Spacing | ϕ8 mm | ϕ10 mm | ϕ12 mm | ϕ16 mm | ϕ20 mm |

100 | 502 | 785 | 1130 | 2010 | 3141 |

125 | 402 | 628 | 904 | 1608 | 2513 |

150 | 335 | 523 | 753 | 1340 | 2094 |

175 | 287 | 448 | 646 | 1148 | 1795 |

200 | 251 | 392 | 565 | 1005 | 1570 |

225 | 223 | 349 | 502 | 893 | 1396 |

250 | 201 | 314 | 452 | 804 | 1256 |

275 | 182 | 285 | 411 | 731 | 1142 |

300 | 167 | 261 | 376 | 670 | 1047 |

For instance, if the area of reinforcement required (A_{s,req}) from calculation is 523 mm^{2}/m, you can provide H12@200 c/c (Area of steel provided A_{s,prov }= 565 mm^{2}/m).

**(e) Crack Control**

According to Clause 9.3.1.1(3) of Eurocode 2, if *h* is the total depth of the slab, then the maximum spacing of reinforcements is normally restricted to;

- 3h ≤ 400 mm for principal reinforcement
- 3.5 h ≤ 450 for secondary reinforcement

However, in areas of maximum moment, maximum spacing is restricted to;

- 2h ≤ 250 mm for principal reinforcement
- 3 h ≤ 400 mm for secondary reinforcement

For slabs 200 mm thick or greater the bar size and spacing should be limited to control the crack width and reference should be made to section 7.3.3 of the Eurocode 2.

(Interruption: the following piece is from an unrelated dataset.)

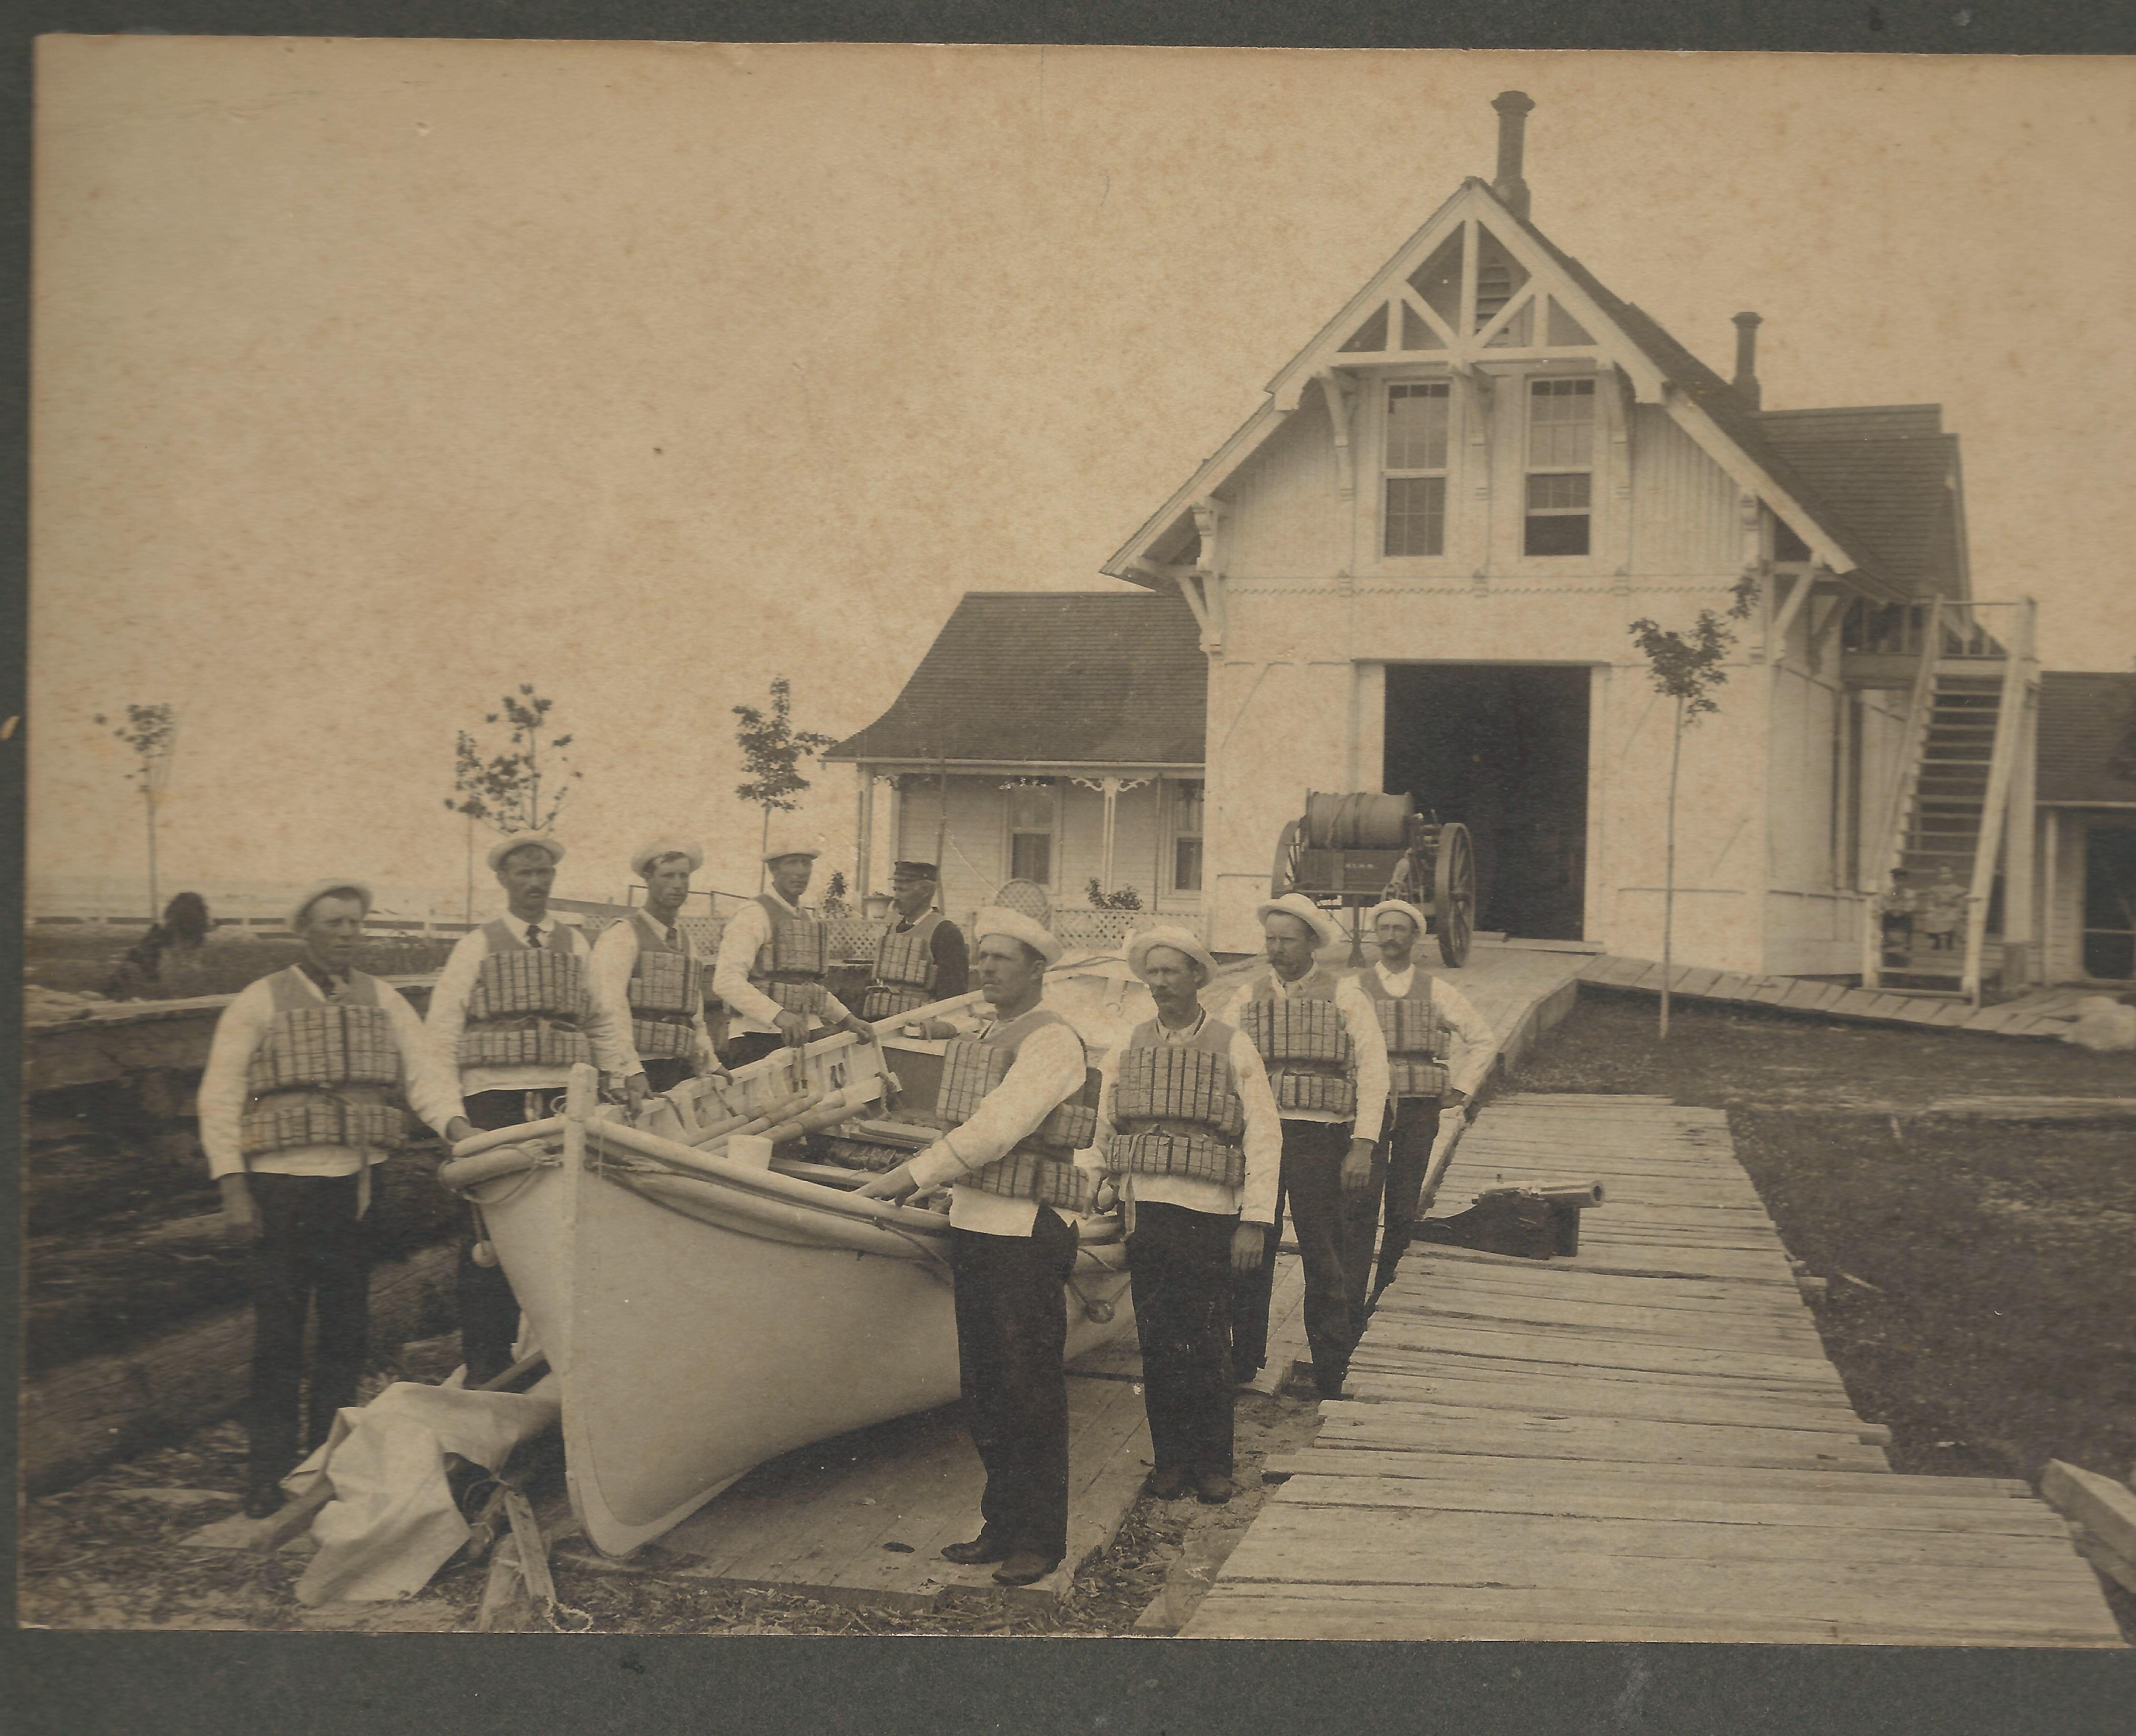 Two Heart Bay Life Saving Station, lifeboat crew, Michigan, 1902

**(f) Curtailment of bars in slabs**

Curtailment of bars is done according to the moment envelope. However, clause 9.3.1.2(1) requires that half the calculated span reinforcement must continue up to support. It is further stated that in monolithic construction, where partial fixity occurs along an edge of a slab but is not taken into account, the top reinforcement should be capable of resisting at least 25 percent of the maximum moment in the adjacent span and this reinforcement should extend at least 0.2 times the length of the adjacent span measured from the face of the support.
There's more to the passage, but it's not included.